## 15.28 The Koszul complex

We define the Koszul complex as follows.

Definition 15.28.1. Let $R$ be a ring. Let $\varphi : E \to R$ be an $R$-module map. The *Koszul complex* $K_\bullet (\varphi )$ associated to $\varphi $ is the commutative differential graded algebra defined as follows:

the underlying graded algebra is the exterior algebra $K_\bullet (\varphi ) = \wedge (E)$,

the differential $d : K_\bullet (\varphi ) \to K_\bullet (\varphi )$ is the unique derivation such that $d(e) = \varphi (e)$ for all $e \in E = K_1(\varphi )$.

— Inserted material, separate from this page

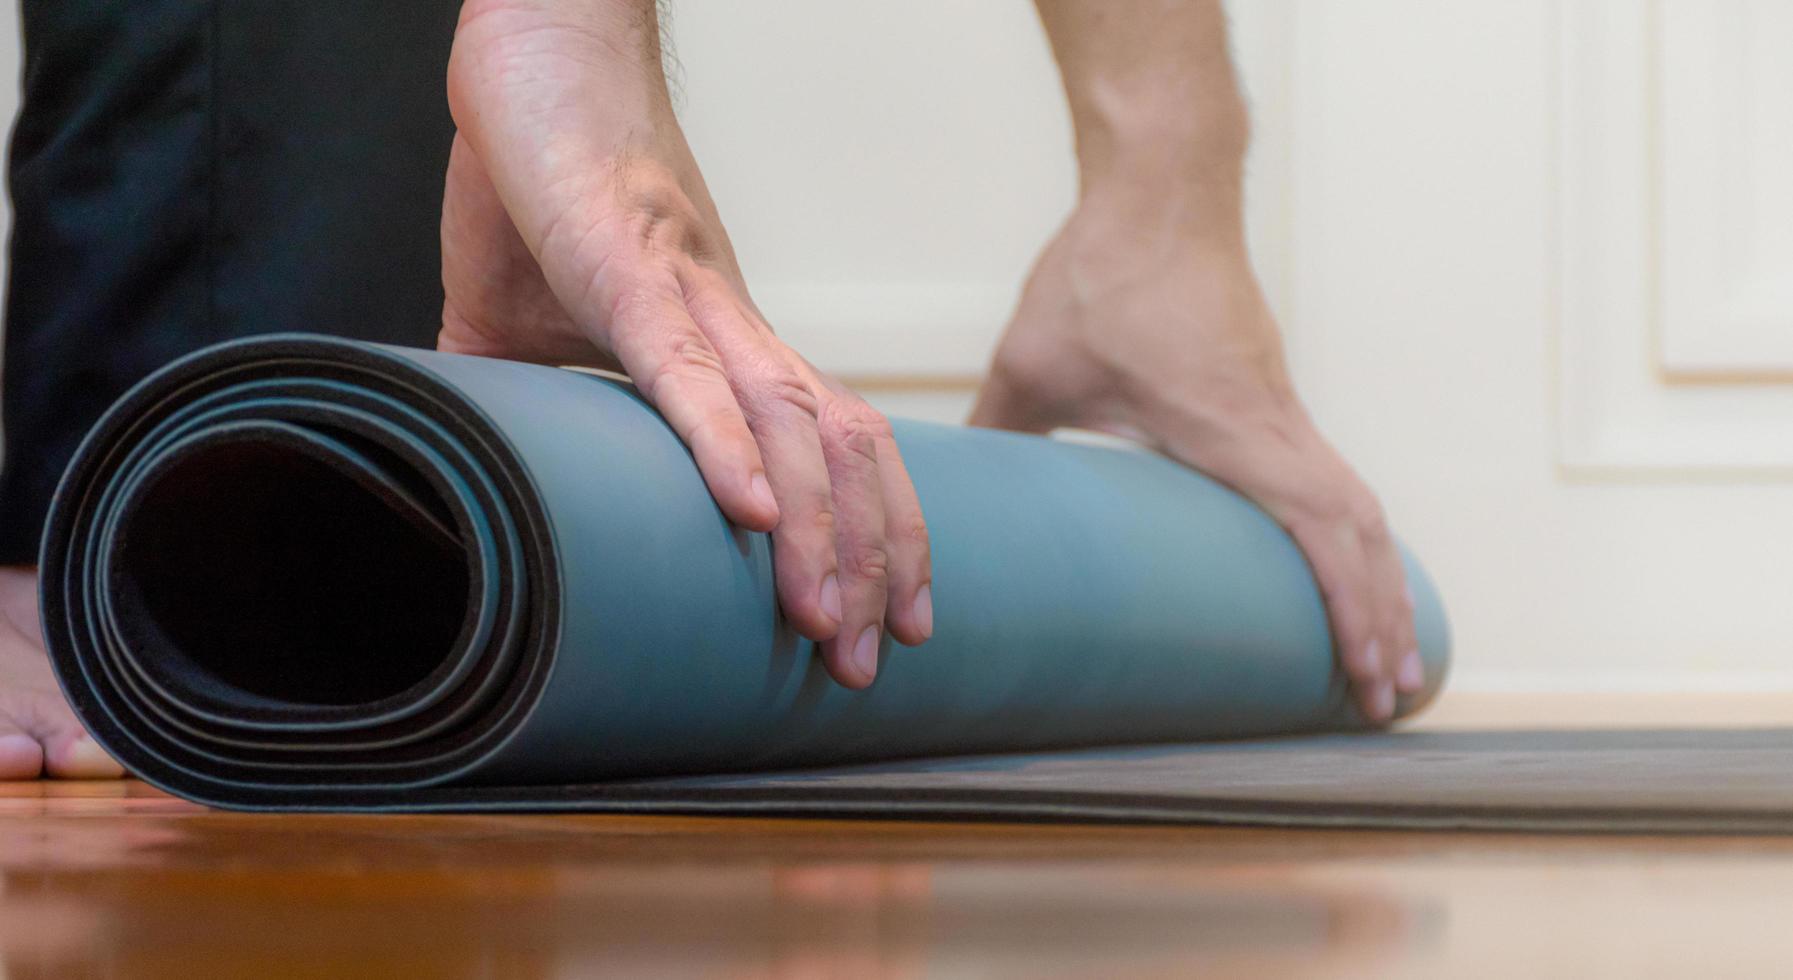 The man is using his hands to roll green yoga photo

Explicitly, if $e_1 \wedge \ldots \wedge e_ n$ is one of the generators of degree $n$ in $K_\bullet (\varphi )$, then

\[ d(e_1 \wedge \ldots \wedge e_ n) = \sum \nolimits _{i = 1, \ldots , n} (-1)^{i + 1} \varphi (e_ i)e_1 \wedge \ldots \wedge \widehat{e_ i} \wedge \ldots \wedge e_ n. \]

It is straightforward to see that this gives a well defined derivation on the tensor algebra, which annihilates $e \otimes e$ and hence factors through the exterior algebra.

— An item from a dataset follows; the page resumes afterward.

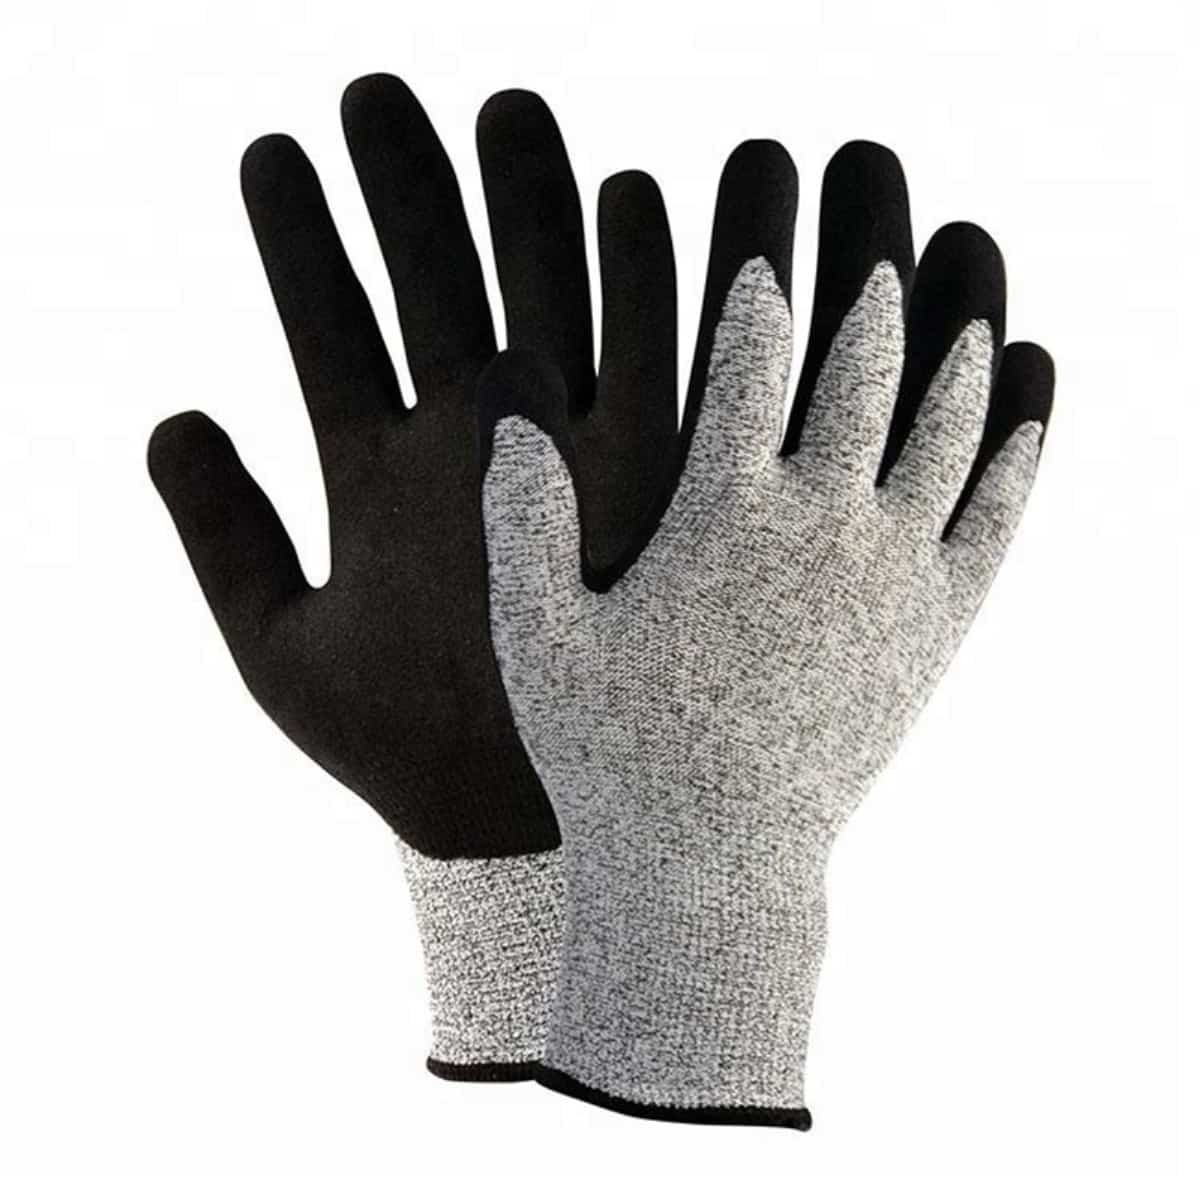 13g HPPE Industrial Cut Resistant Gloves na may Sandy Nitrile Coating Palm

We often assume that $E$ is a finite free module, say $E = R^{\oplus n}$. In this case the map $\varphi $ is given by a sequence of elements $f_1, \ldots , f_ n \in R$.

Definition 15.28.2. Let $R$ be a ring and let $f_1, \ldots , f_ r \in R$. The *Koszul complex on $f_1, \ldots , f_ r$* is the Koszul complex associated to the map $(f_1, \ldots , f_ r) : R^{\oplus r} \to R$. Notation $K_\bullet (f_\bullet )$, $K_\bullet (f_1, \ldots , f_ r)$, $K_\bullet (R, f_1, \ldots , f_ r)$, or $K_\bullet (R, f_\bullet )$.

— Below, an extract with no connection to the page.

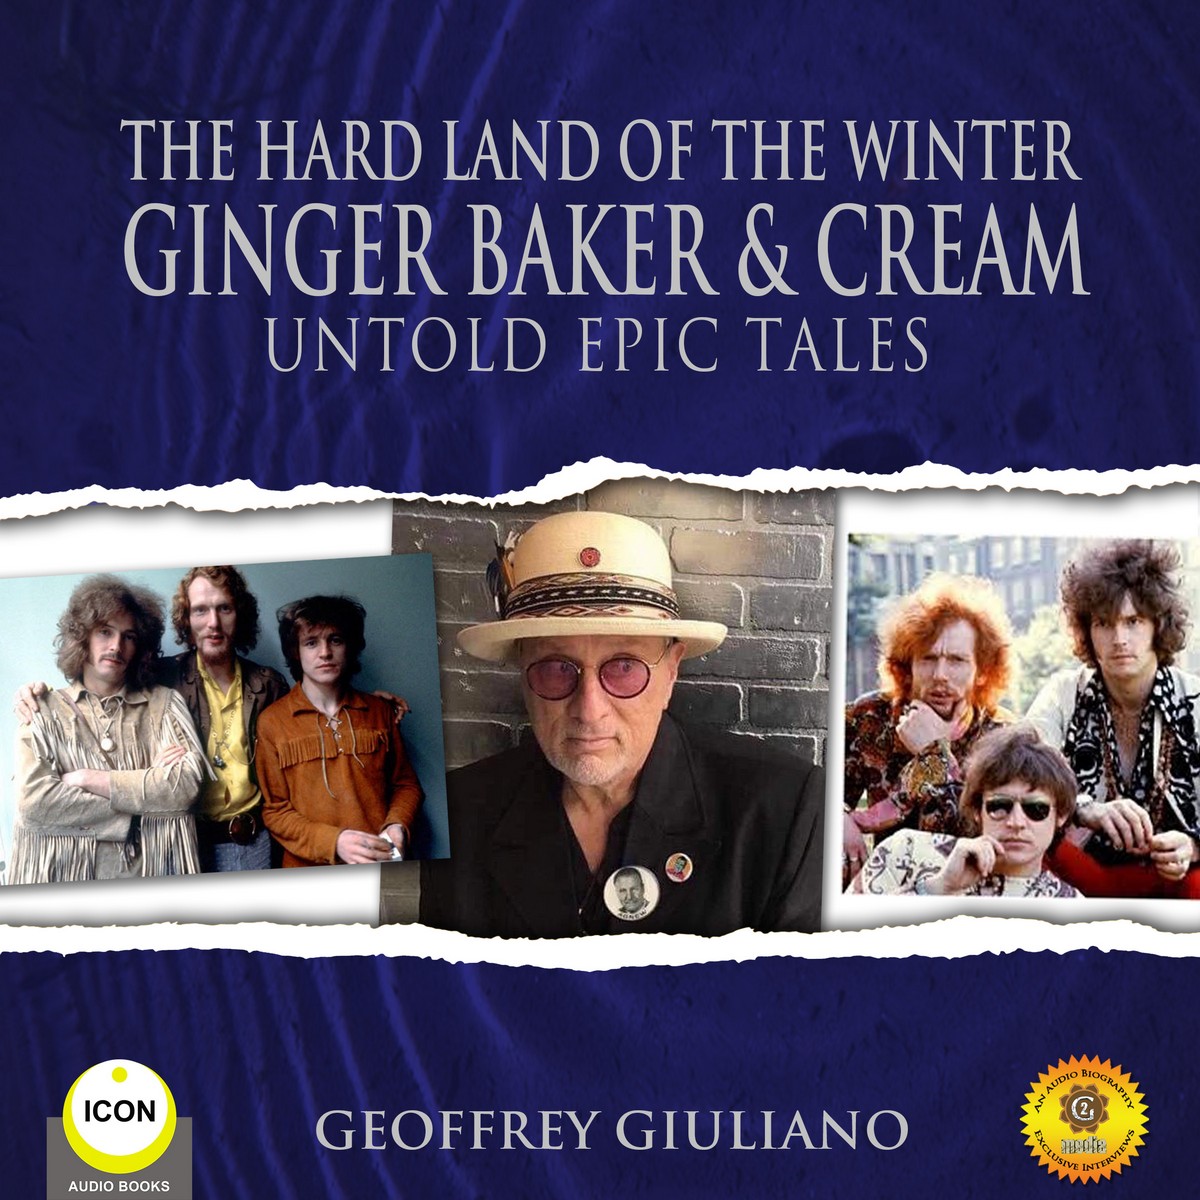 The Hard Land of The Winter Ginger Baker & Cream – Untold Epic Tales

Of course, if $E$ is finite locally free, then $K_\bullet (\varphi )$ is locally on $\mathop{\mathrm{Spec}}(R)$ isomorphic to a Koszul complex $K_\bullet (f_1, \ldots , f_ r)$. This complex has many interesting formal properties.

Lemma 15.28.3. Let $\varphi : E \to R$ and $\varphi ' : E' \to R$ be $R$-module maps. Let $\psi : E \to E'$ be an $R$-module map such that $\varphi ' \circ \psi = \varphi $. Then $\psi $ induces a homomorphism of differential graded algebras $K_\bullet (\varphi ) \to K_\bullet (\varphi ')$.

**Proof.**
This is immediate from the definitions.
$\square$

Lemma 15.28.4. Let $f_1, \ldots , f_ r \in R$ be a sequence. Let $(x_{ij})$ be an invertible $r \times r$-matrix with coefficients in $R$. Then the complexes $K_\bullet (f_\bullet )$ and

\[ K_\bullet (\sum x_{1j}f_ j, \sum x_{2j}f_ j, \ldots , \sum x_{rj}f_ j) \]

are isomorphic.

**Proof.**
Set $g_ i = \sum x_{ij}f_ j$. The matrix $(x_{ji})$ gives an isomorphism $x : R^{\oplus r} \to R^{\oplus r}$ such that $(g_1, \ldots , g_ r) = (f_1, \ldots , f_ r) \circ x$. Hence this follows from the functoriality of the Koszul complex described in Lemma 15.28.3.
$\square$

Lemma 15.28.5. Let $R$ be a ring. Let $\varphi : E \to R$ be an $R$-module map. Let $e \in E$ with image $f = \varphi (e)$ in $R$. Then

\[ f = de + ed \]

as endomorphisms of $K_\bullet (\varphi )$.

**Proof.**
This is true because $d(ea) = d(e)a - ed(a) = fa - ed(a)$.
$\square$

Lemma 15.28.6. Let $R$ be a ring. Let $f_1, \ldots , f_ r \in R$ be a sequence. Multiplication by $f_ i$ on $K_\bullet (f_\bullet )$ is homotopic to zero, and in particular the cohomology modules $H_ i(K_\bullet (f_\bullet ))$ are annihilated by the ideal $(f_1, \ldots , f_ r)$.

**Proof.**
Special case of Lemma 15.28.5.
$\square$

In Derived Categories, Section 13.9 we defined the cone of a morphism of cochain complexes. The cone $C(f)_\bullet $ of a morphism of chain complexes $f : A_\bullet \to B_\bullet $ is the complex $C(f)_\bullet $ given by $C(f)_ n = B_ n \oplus A_{n - 1}$ and differential

15.28.6.1
\begin{equation} \label{more-algebra-equation-differential-cone} d_{C(f), n} = \left( \begin{matrix} d_{B, n}
& f_{n - 1}
\\ 0
& -d_{A, n - 1}
\end{matrix} \right) \end{equation}

It comes equipped with canonical morphisms of complexes $i : B_\bullet \to C(f)_\bullet $ and $p : C(f)_\bullet \to A_\bullet [-1]$ induced by the obvious maps $B_ n \to C(f)_ n \to A_{n - 1}$.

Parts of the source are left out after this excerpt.